I had the idea of checking the requirements of the game before trying it, and after some time I found that it goes so far beyond than Honey Select 2, so I didn`t bother (I`m talking just the base pc version, not VR ). Maybe that`s why it has so few reviews, in spite of the videos out there being inviting, for a character creator game, to give it a go.
P.S. It would be a good idea for this advanced games to have the classic minimum and recommended requirements
I wouldn't call it a "game" maybe sandbox application if you wanna get specific.
Performance varies DRASTICALLY depending on what you have loaded or loading, it's useless to having a "requirements".
I suggest you actually learn how to use and what takes a toll on performance or not (hint: hair, soft physics, lights) then min max the configurations and scenes to match your performance capacity.
Some performance tips I got from using it:
Use the GiveMeFPS like brasileirinho said, you can configure most of the things there (hair, soft physics etc).
Set hair multiplier (both) to ~16, if the hair set has multiple pieces go below that.
If preferable use character looks that have CUA hair instead of the simulated one.

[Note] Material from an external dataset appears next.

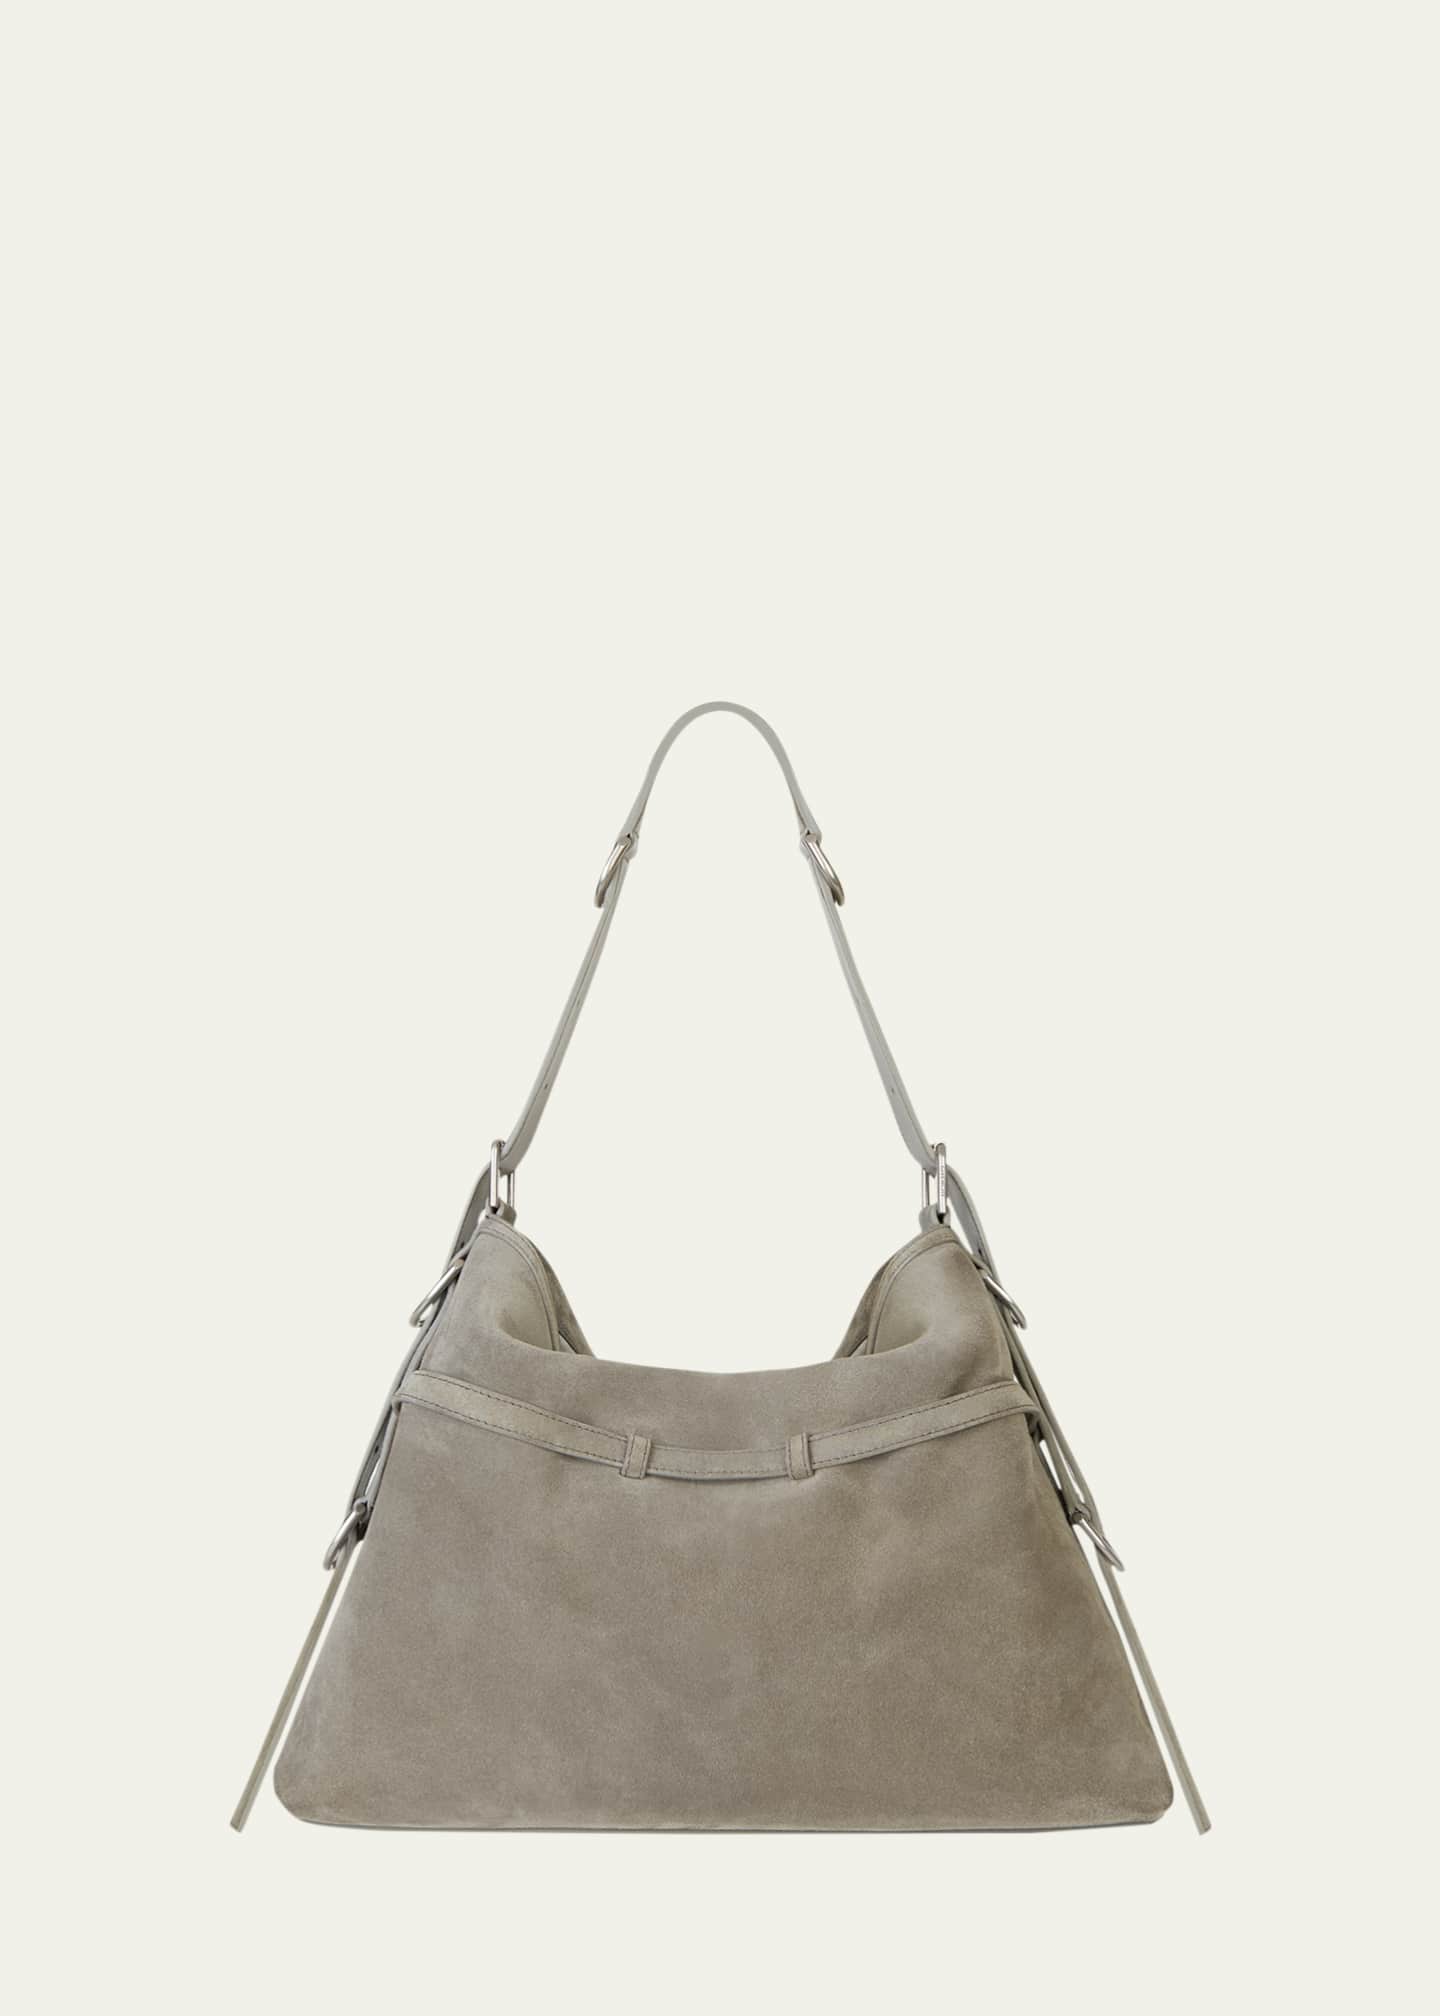 Givenchy Voyou medium grey suede bag

Unless you're gonna literally lick the character in VR there's no need for the "8K resolution" textures.
If you place more than 2 lights it's gonna start to hog down on performance.
Highly detailed CUA scenery eats a lot of VRAM, take that in to consideration too.
Disable soft body physics, but beware some plugins might break with that, like CUE if you have the "auto link hands" it'll bug out and always lock on to the left butt for some reason, however if you don't use that it works fine.
Same for advanced colliders, will break things that rely on them.
Keep it at max 2 characters, the more characters the more it'll weight on performance (obviously).
Edit: Also clothing weights a lot if you have sim enabled on them, keep that in mind.